The Irish ambassador and another diplomat told them that they could stay, but the others must leave, the government said.
The Irish government stated that Ethiopia has informed that four of the six Irish diplomats serving at its embassy in Addis Ababa will leave the country by next week.
A statement on Wednesday stated that the Irish ambassador and another diplomat were told earlier this week that they can stay, but the others must leave.
“I deeply regret this decision of the Ethiopian government,” Foreign Minister Simon Covini said, adding that he hopes the move will be temporary.
Ethiopian officials did not immediately comment.
Covini defended the position of the ongoing conflict between the Irish government and the Tigray army, saying it was consistent with the position of other institutions, including the European Union.
Ireland was a signatory of the UN Security Council statement on November 5, which called for a ceasefire due to the escalation of fighting in the north of the country.
The Irish government stated that it responded to the call of the United Nations Secretary-General Antonio Guterres to require full humanitarian access, ending fighting and political dialogue.
The Irish Embassy in Addis Ababa has not yet closed, and the remaining two diplomats continue to cooperate with institutions including the African Union.
“Ireland fully supports the role of the African Union in seeking a peaceful solution to the conflict, including through the work of its special envoy, former Nigerian President Olesegon Obasanjo,” said Kovinni. “We are committed to Ethiopia’s sovereignty and territorial integrity.”

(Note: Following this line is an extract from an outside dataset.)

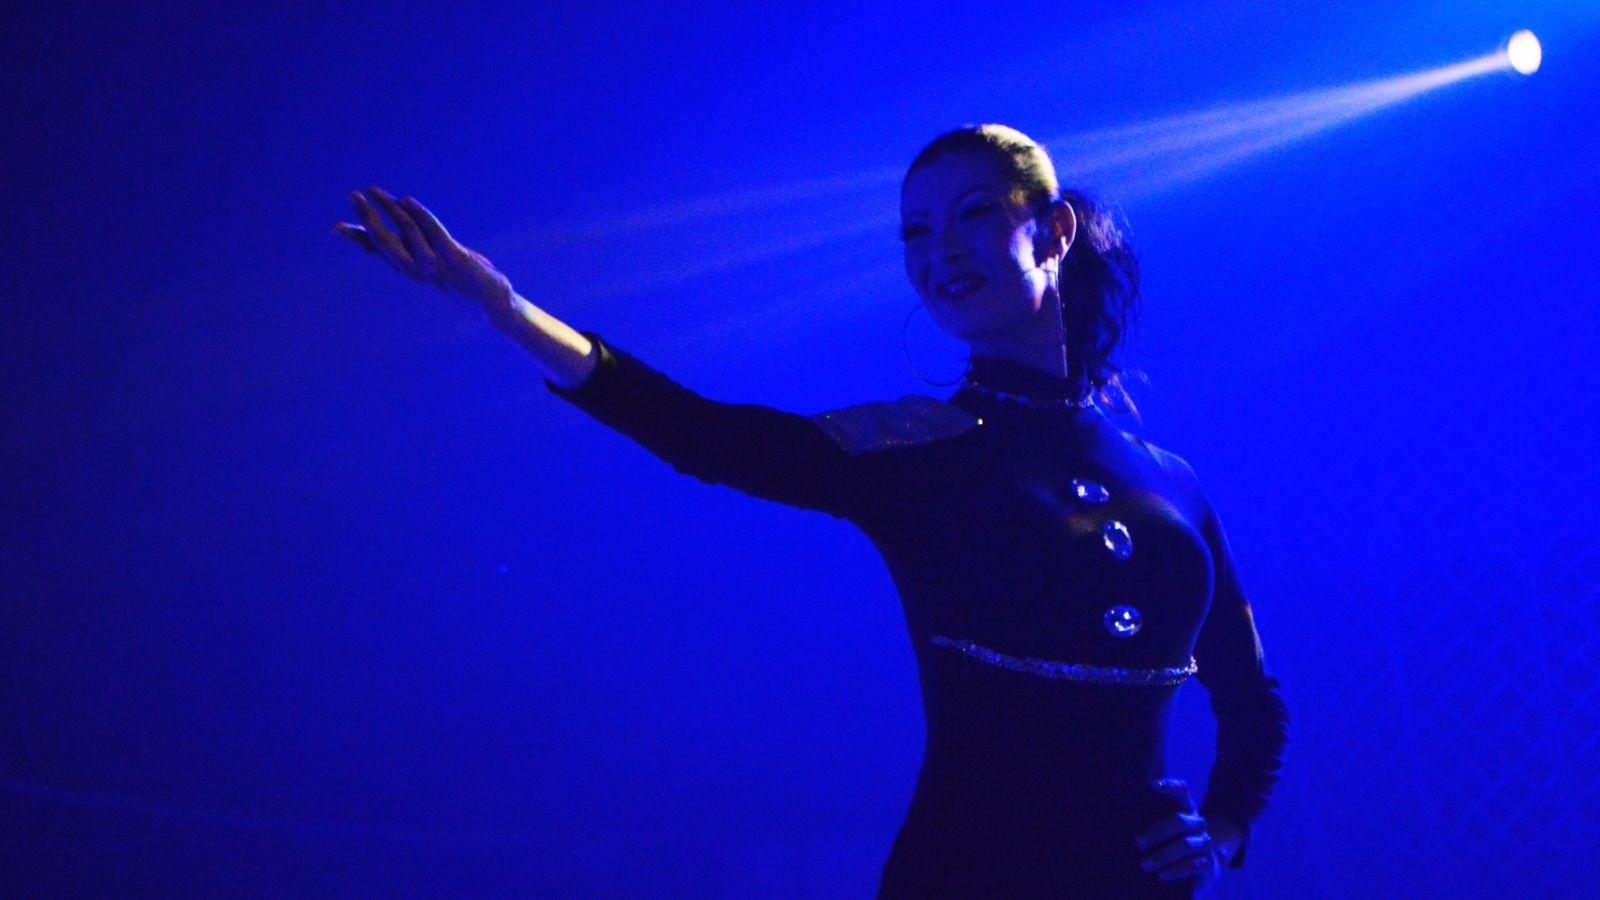 Bailarina venezolana encontró en circo de Bogotá un escape a la crisis

The announcement came less than two months after the Ethiopian government ordered seven senior officials. United Nations officials Leaving Ethiopia, accusing them of “interfering” in its internal affairs.
The seven officials, including individuals from the United Nations Children’s Fund (UNICEF) and the United Nations Office for the Coordination of Humanitarian Affairs (UNOCHA), were declared “unwelcome persons” and were allowed to leave the country within 72 hours.
Since November 2020, fighting in the Tigray region of northern Ethiopia has been fiercely between the federal army and the forces allied with them.
In November 2020, Prime Minister Abi Ahmed and the Tigray People’s Liberation Front (TPLF) sent troops into Tigray to disband after months of tension with the ruling party in the northern region. Tigray People’s Liberation Front (TPLF), the party dominated national politics for 30 years.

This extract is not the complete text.